Calculations by the Spanish Wind Energy Association (AEE) find that 50 GW of installed wind capacity are needed to reach the 2030 target. Spain currently stands at 25.7GW wind energy. The association has been pushing for a detailed auction calendar and a change to the auction design to output-based auctions. AEE advocates for projects to compete over the price of their electricity output in technology-specific, “pay as bid” auctions. Instead of a feed-in premium the auction design will be a two-sided contract for difference.

A previously announced 3 GW/year minimum target for auctions of renewable energies was removed from the final draft. The Ministry of Ecological Transition is expected to publish an updated auction calendar in the end of 2020.
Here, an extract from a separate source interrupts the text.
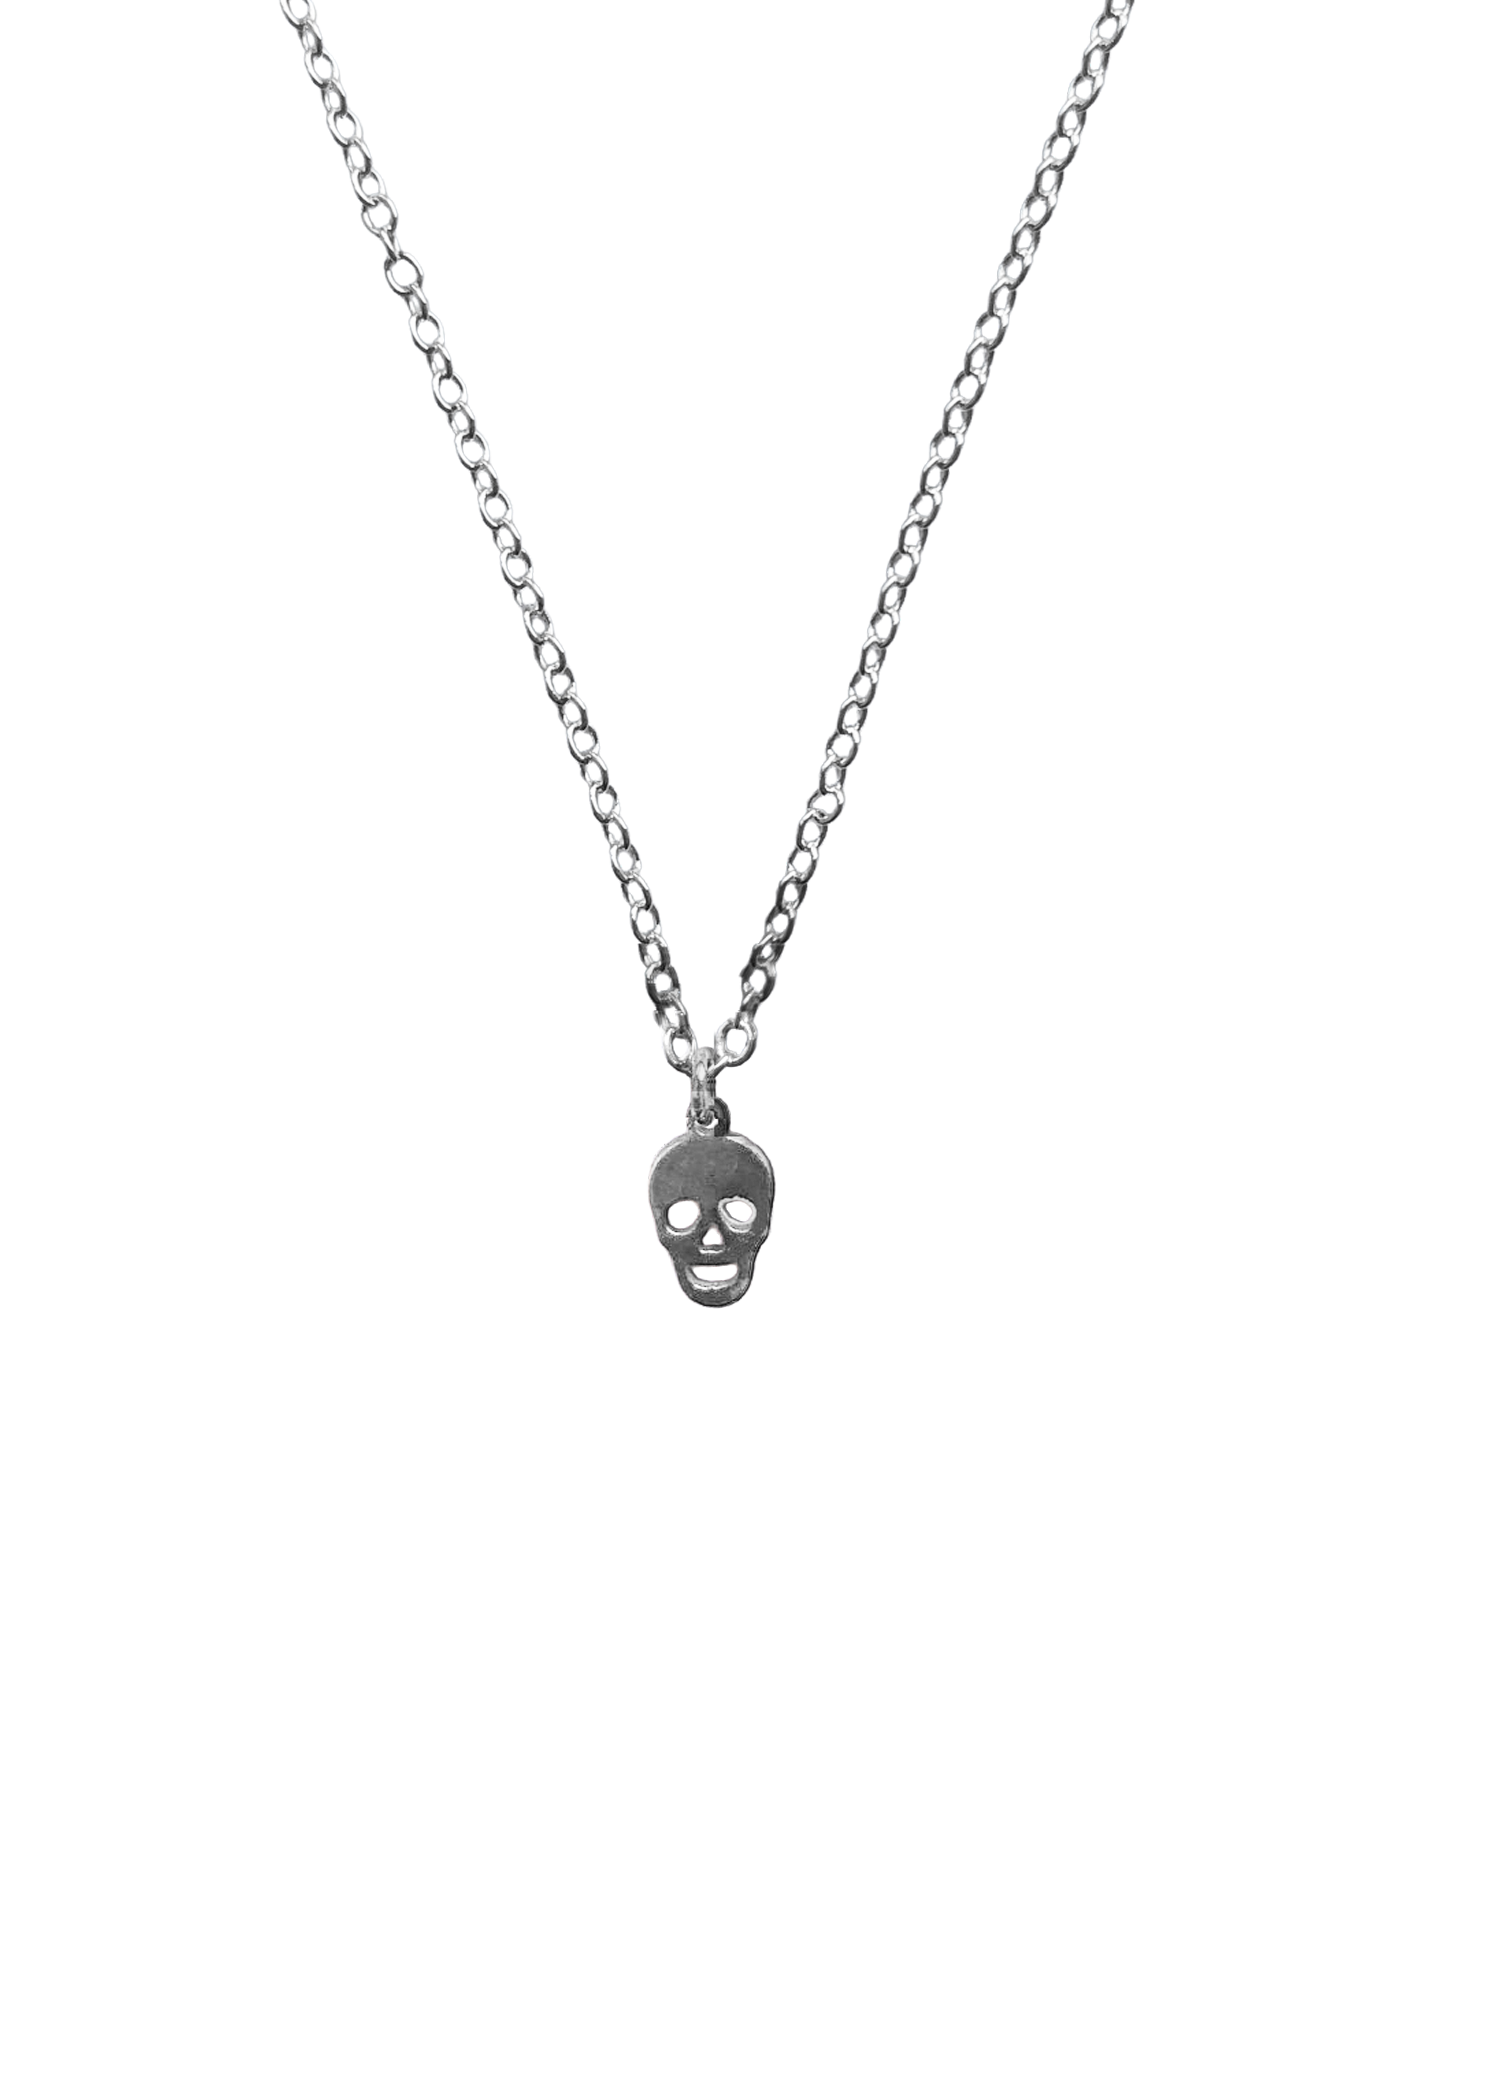 Skull Charm Necklace - .925 Sterling Silver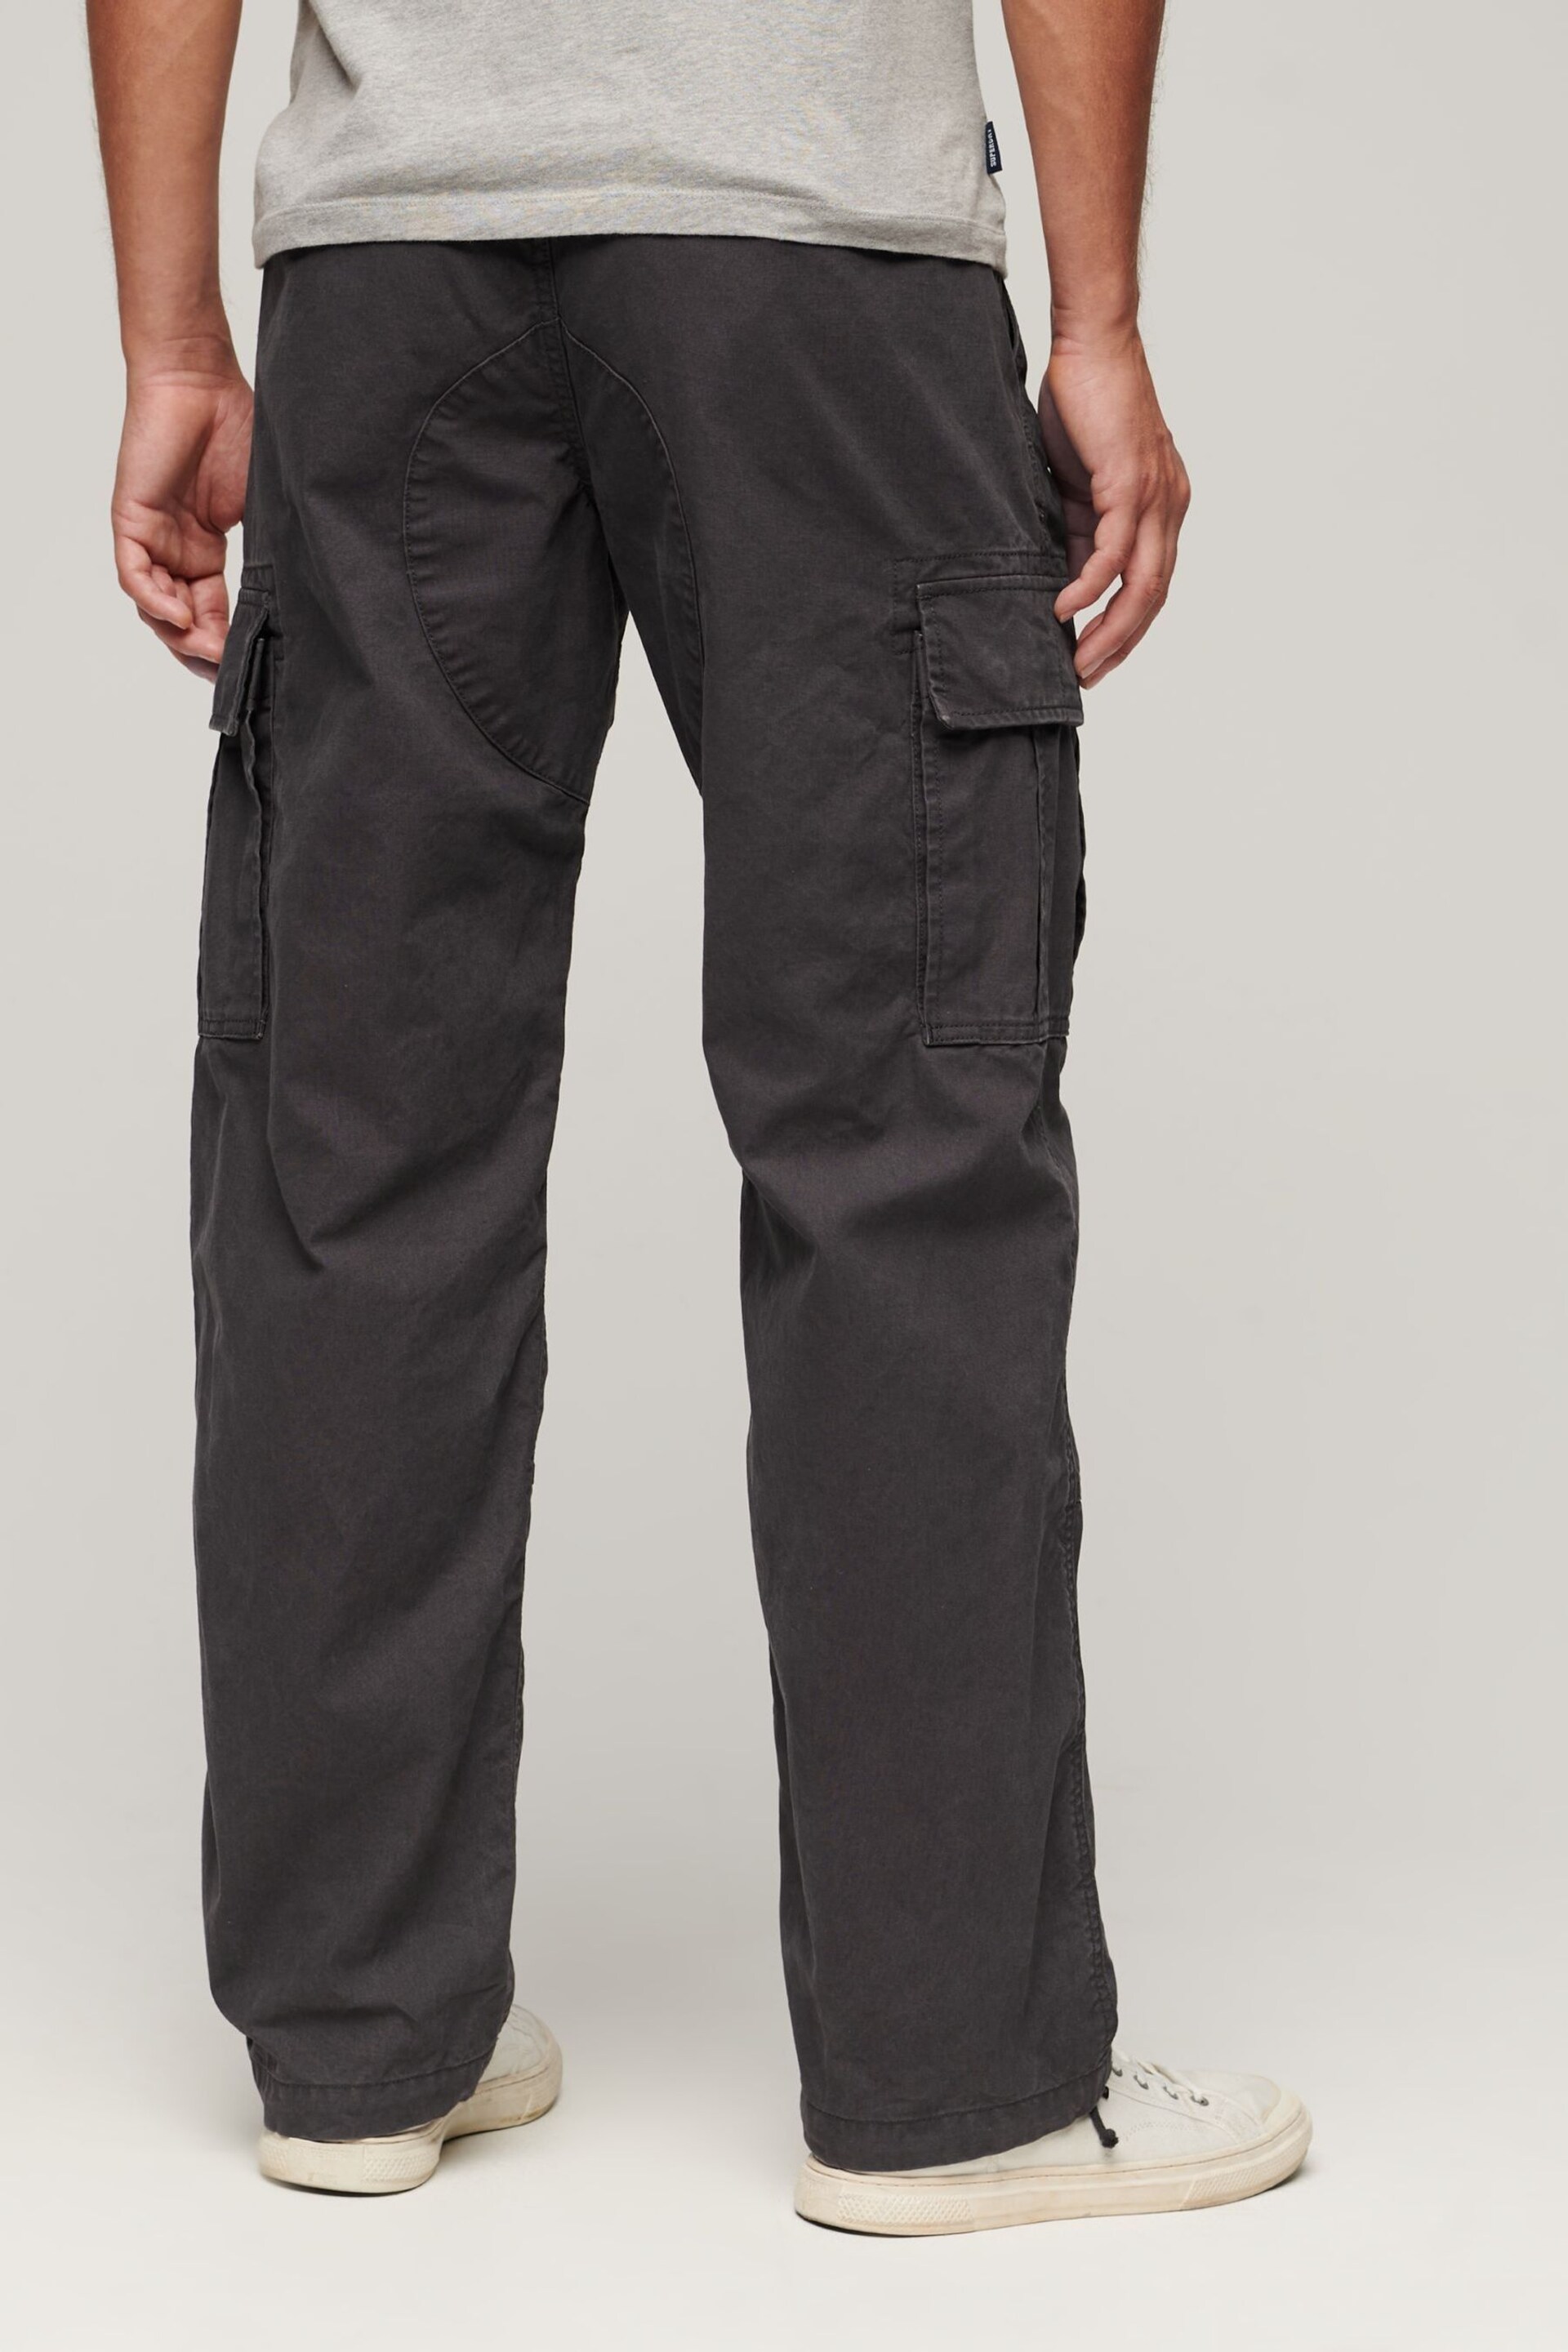 Superdry Grey Vintage Baggy Cargo Trousers - Image 2 of 7

The new Climate bill includes strong measures for sustainable transport, phasing out of diesel vehicles by 2050 and ensuring that all new vehicles are zero carbon by 2040. It seeks to boost e-mobility and will oblige all petrol stations to install charging ports. All Spanish cities with more than 50,000 inhabitants will have to establish low-emission areas by 2023. They will need to incorporate urban mobility legislation that promotes the EV charging points, the use of public transport and bicycles.

Under the ambitious bill, the Government is pledging to ban all new coal, oil and gas extraction projects with immediate effect, end direct fossil fuel subsidies and make all new vehicles emission-free by 2040. Fracking is forbidden. Existing mines and wells are required to submit a plan to repurpose the site, for example to generate geothermal energy, five years before the end of their licence. And from 2023 financial institutions must propose strategies to align their portfolios with the Paris Agreement.

The bill also focuses on ensuring that the energy transition succeeds “without leaving anyone behind.” Transition agreements for most affected areas, including work-training programs for low-carbon jobs, and climate change education in Spanish schools are part of the package.

Spain has been among the countries hit hardest by COVID-19. The Government claims the new bill will position the Spanish economy to seize opportunities to modernize itself and reindustrialize, while also generating employment. It forecasts that Spain’s ecological transition to renewable energies could attract up to €200 billion in investments and create up to 350,000 new jobs over the next decade.

For the climate bill to make it through parliament, Spain’s minority coalition government now needs support from regional parties or achieve a “green pact” with one of Spain’s centre or right opposition parties.